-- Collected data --
******

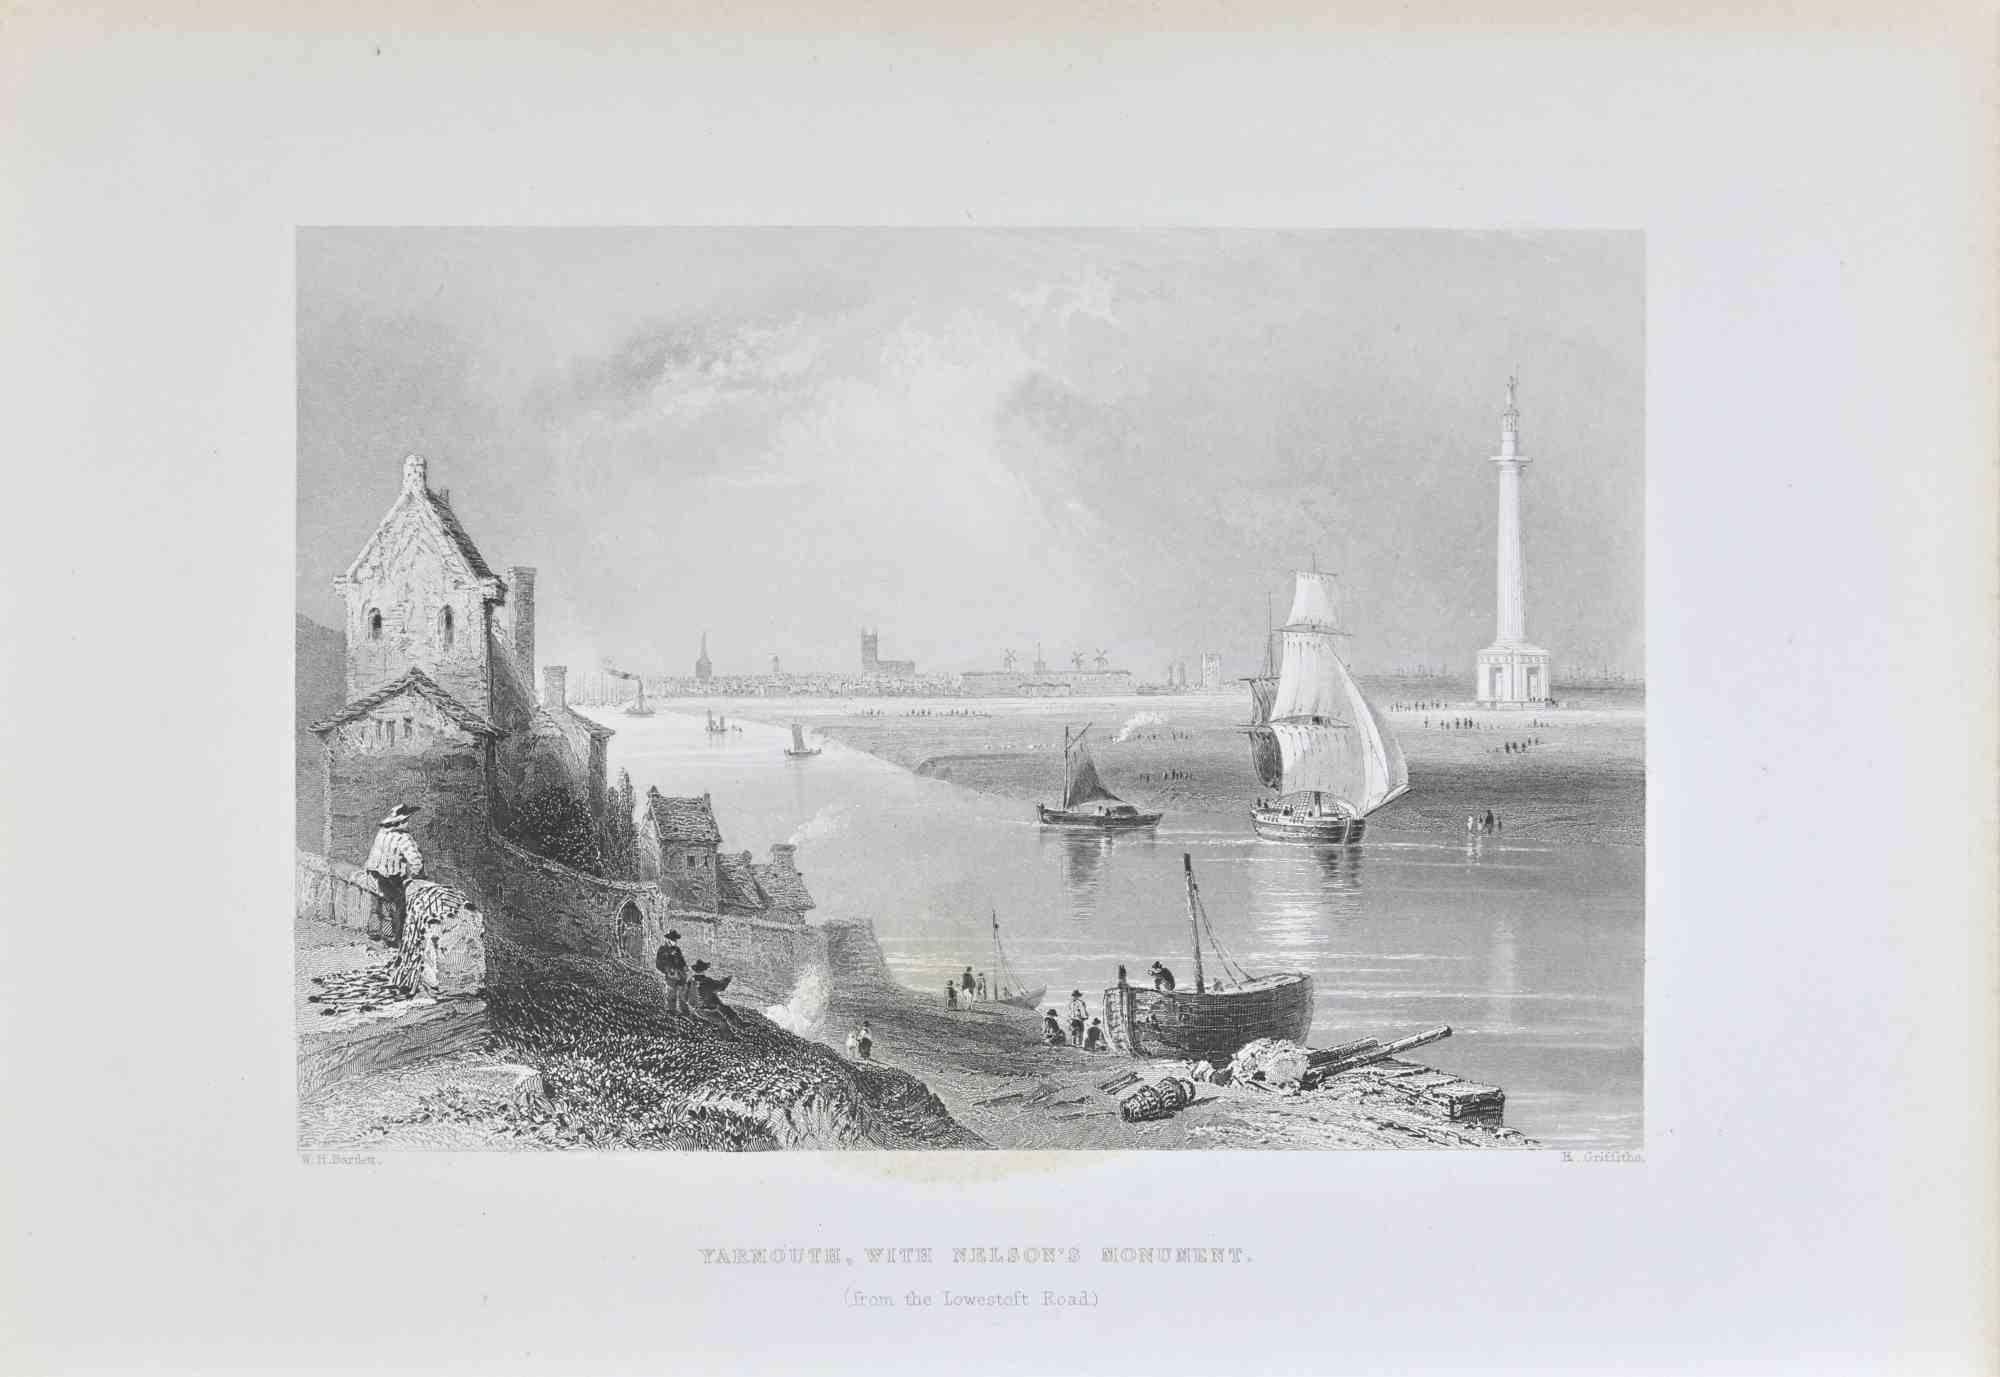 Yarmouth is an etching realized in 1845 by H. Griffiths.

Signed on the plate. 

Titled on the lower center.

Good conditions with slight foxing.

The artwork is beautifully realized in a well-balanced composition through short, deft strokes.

******

-- About this task --
Which lines run from the one containing "Good conditions with slight foxing." to the end of the entries above? Quote exactly those, and only those.

-- Response to this exercise --
Good conditions with slight foxing.

The artwork is beautifully realized in a well-balanced composition through short, deft strokes.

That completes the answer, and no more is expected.